» **What needs to be done**
Repeat the listing exactly. Do not carry over any pictures.

» **Data**

# # # # # # #

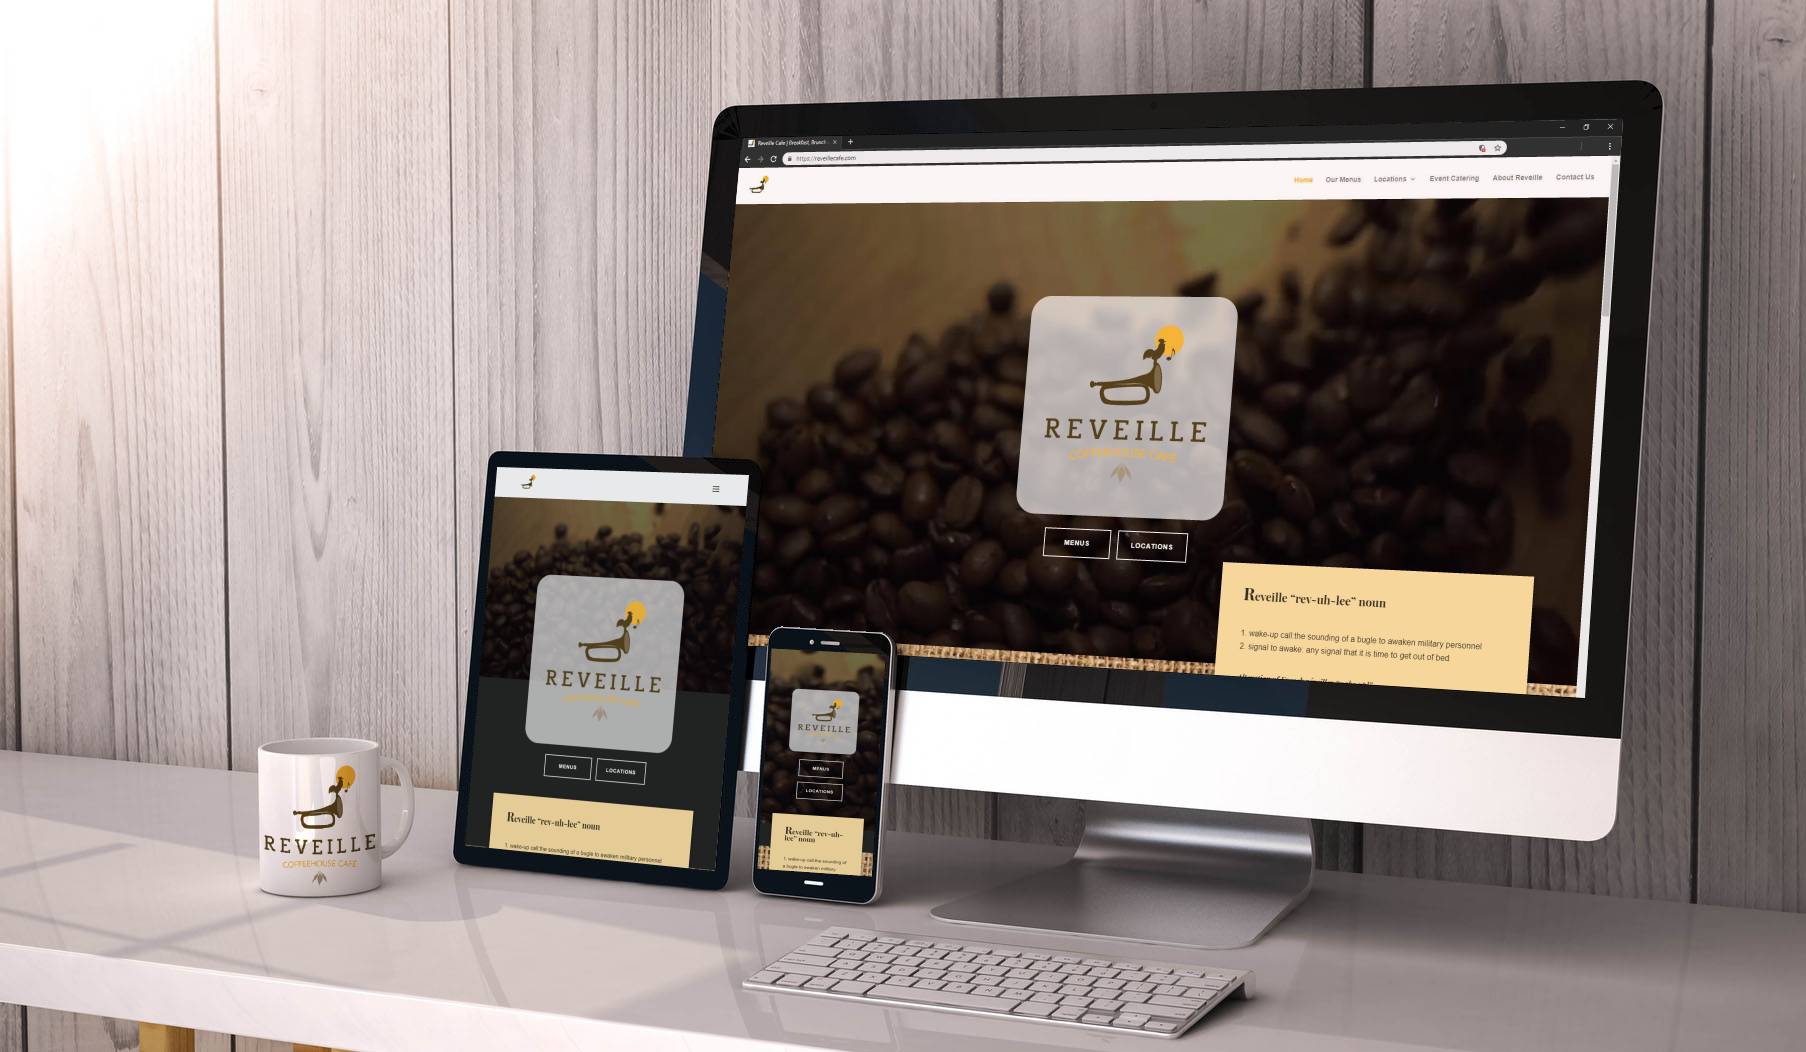 Reveille Cafe - New Website Design and Layout
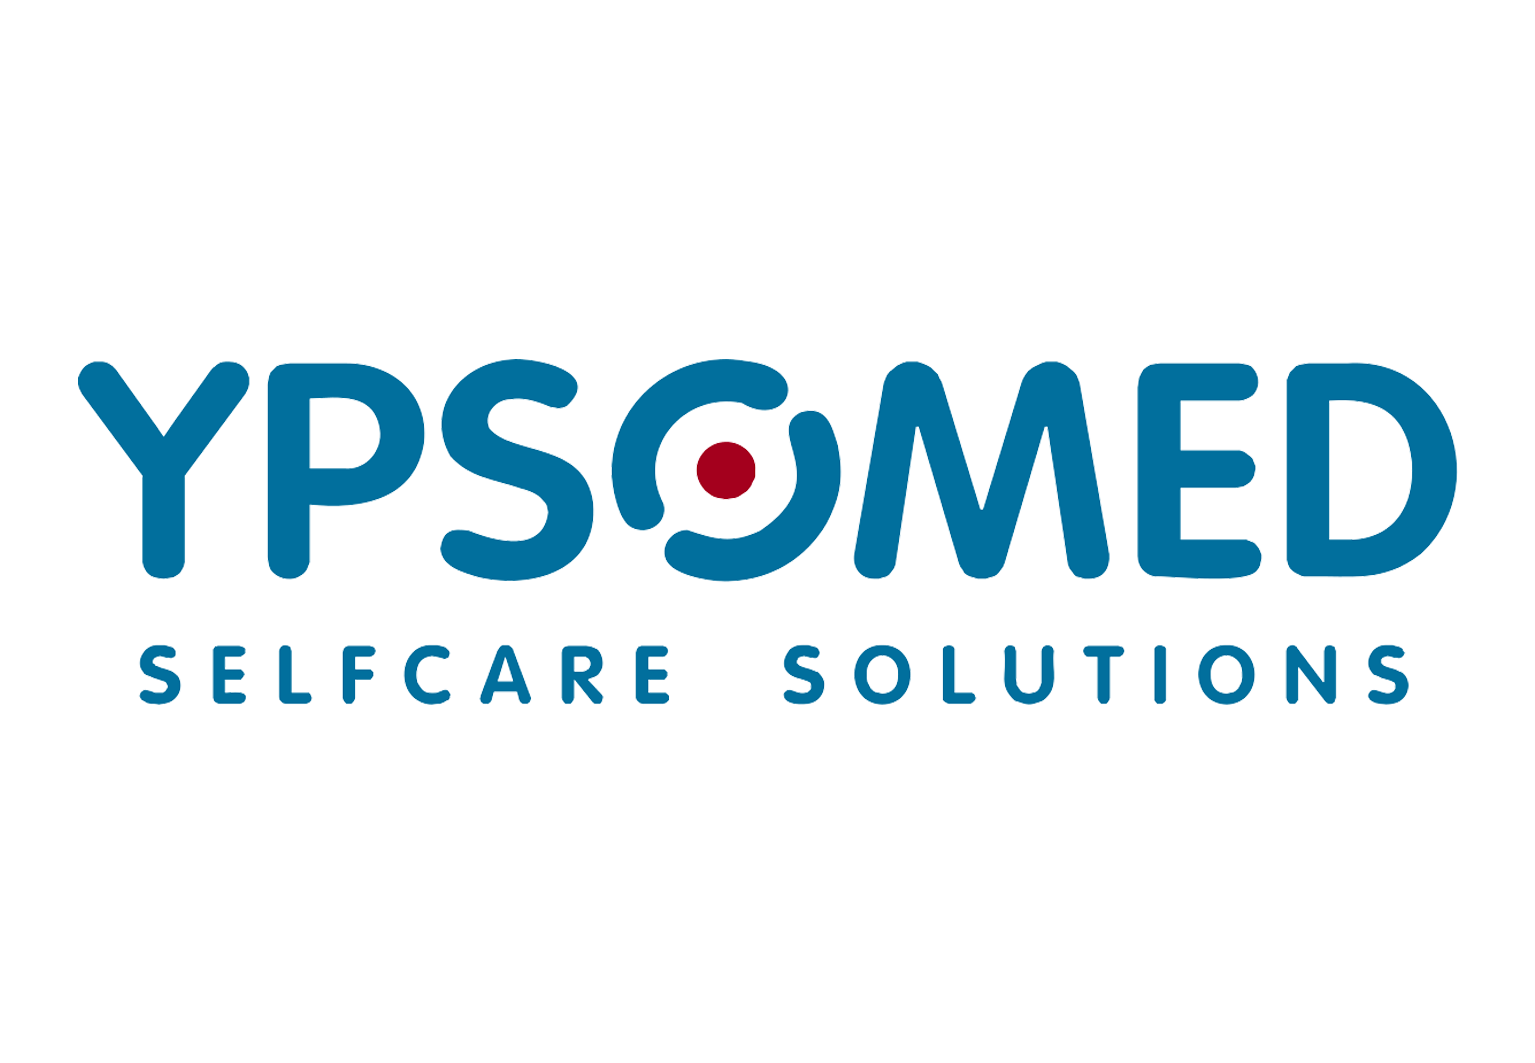 YPSOMED
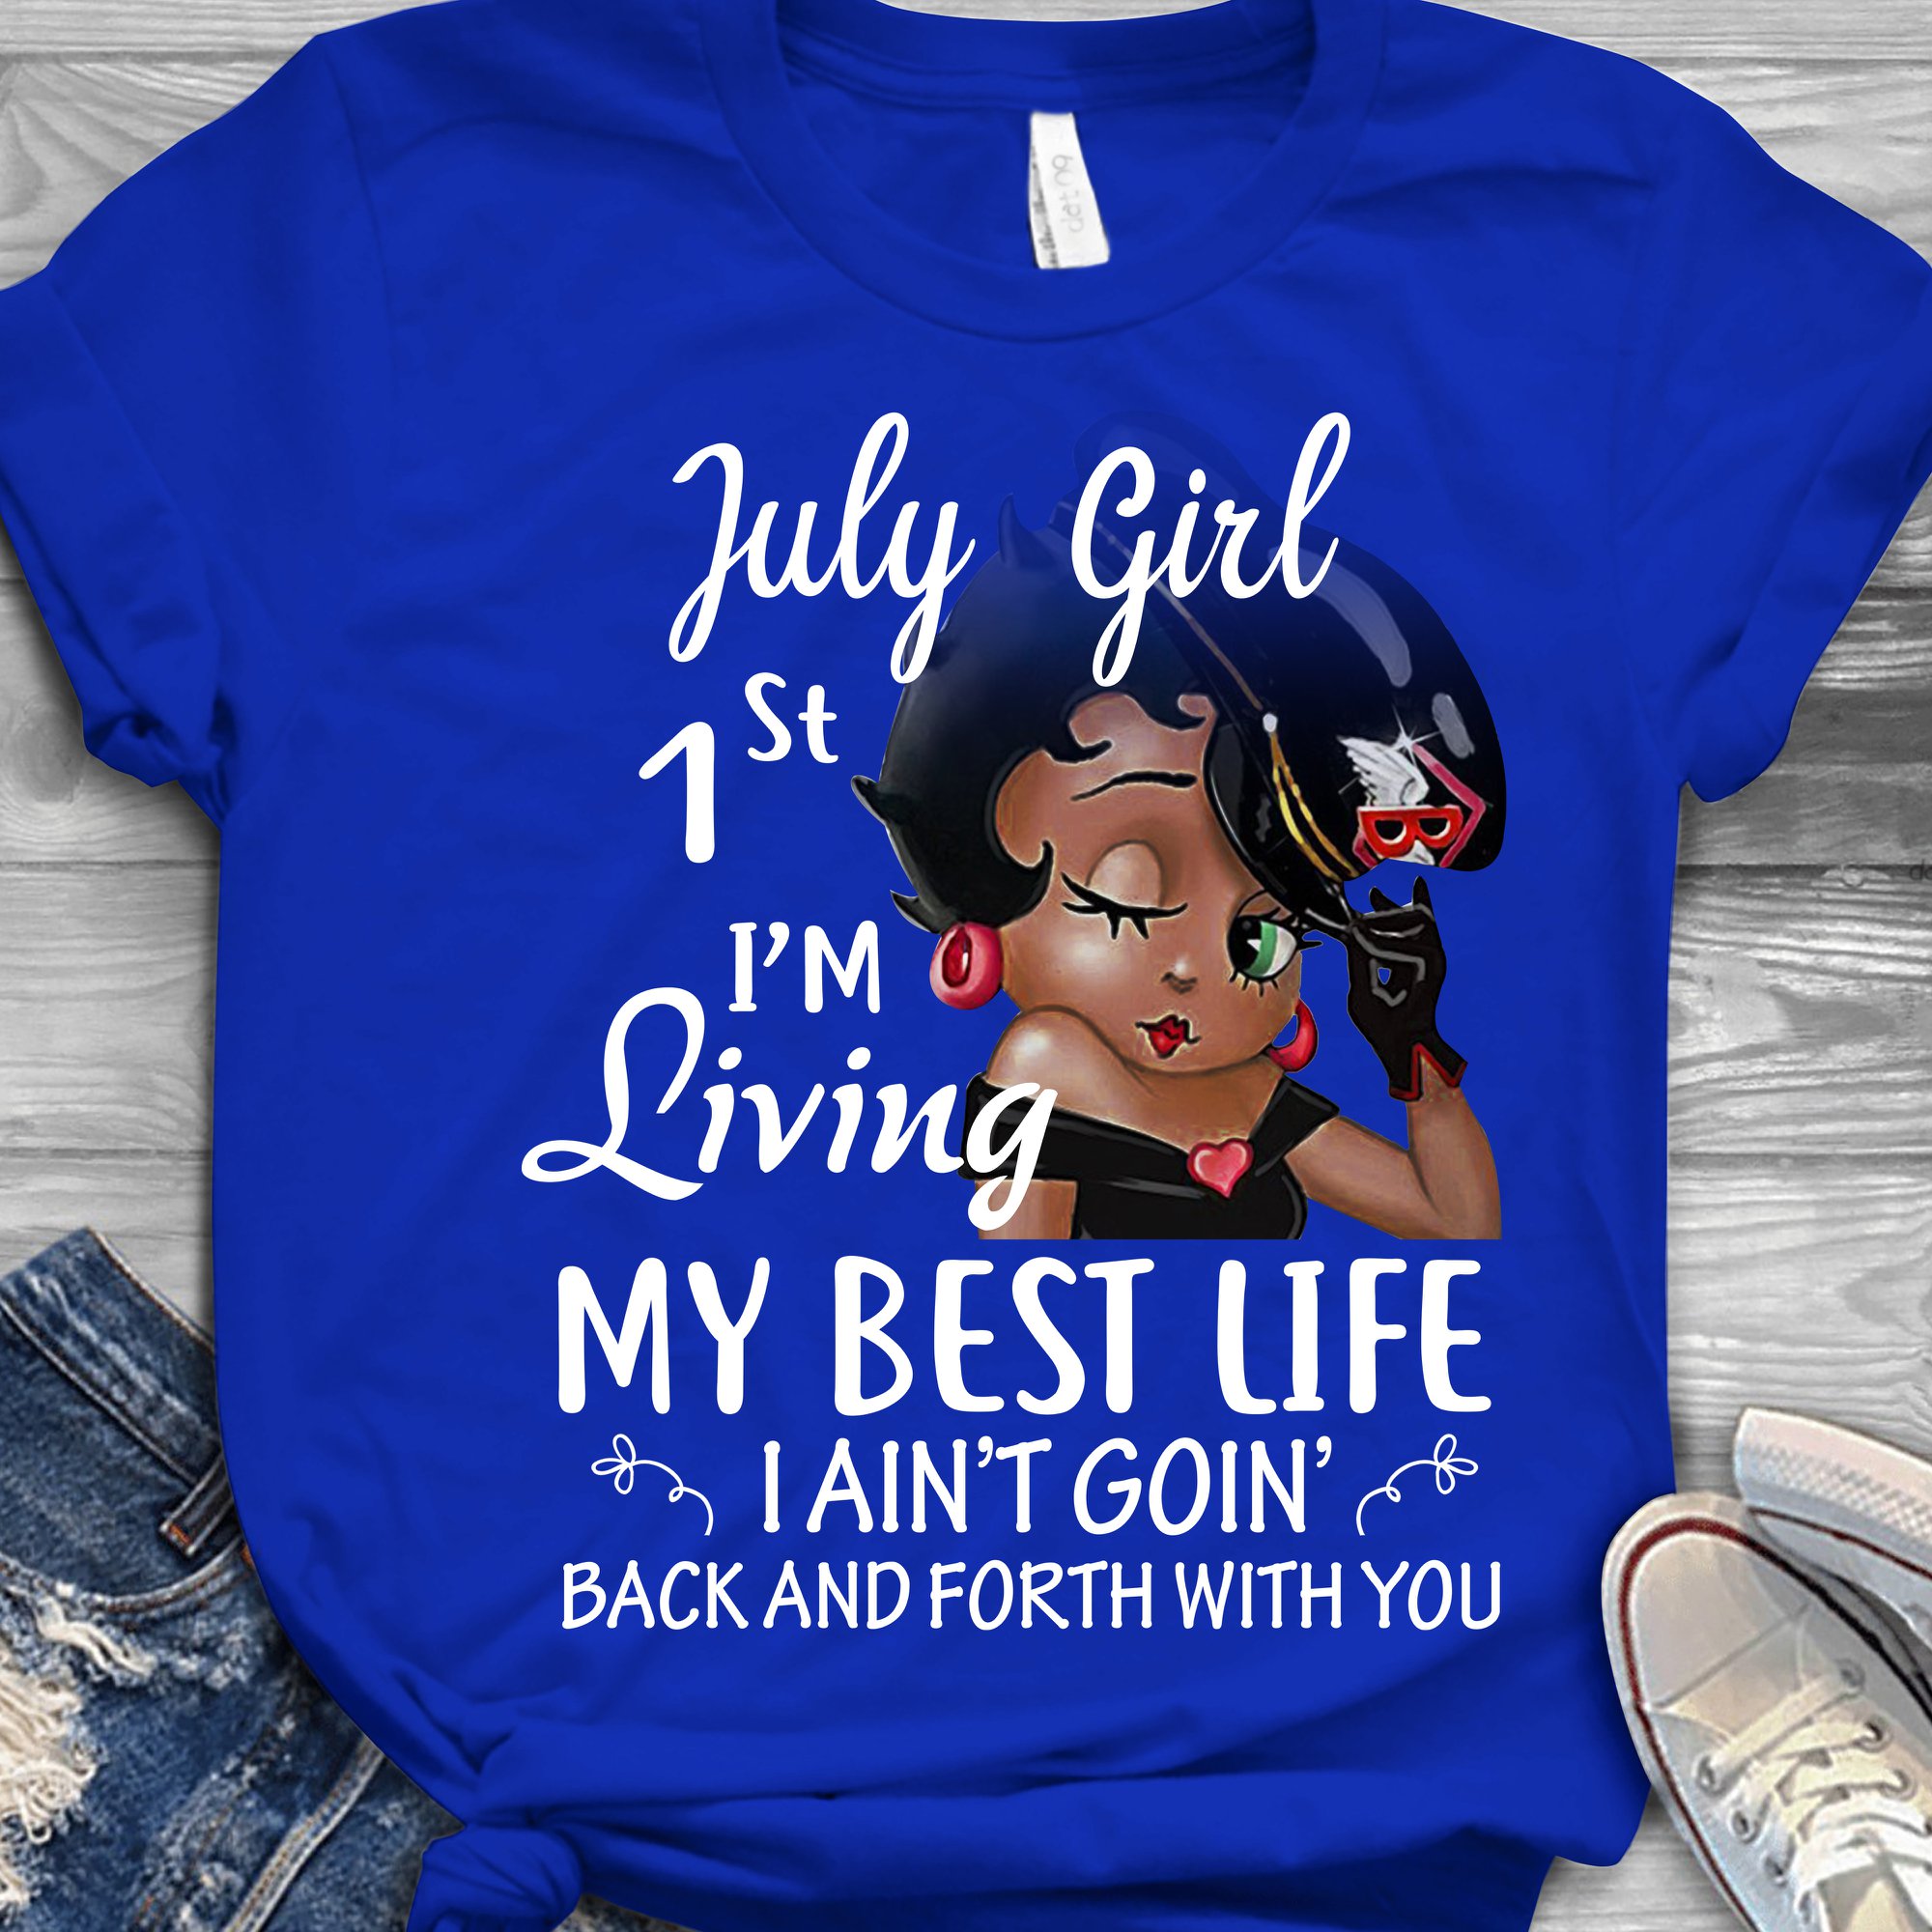 July girl 1st Im living my best I aint goin back and forth with you

# # # # # # #

» **Output for this task**
 Reveille Cafe - New Website Design and Layout
 YPSOMED
 July girl 1st Im living my best I aint goin back and forth with you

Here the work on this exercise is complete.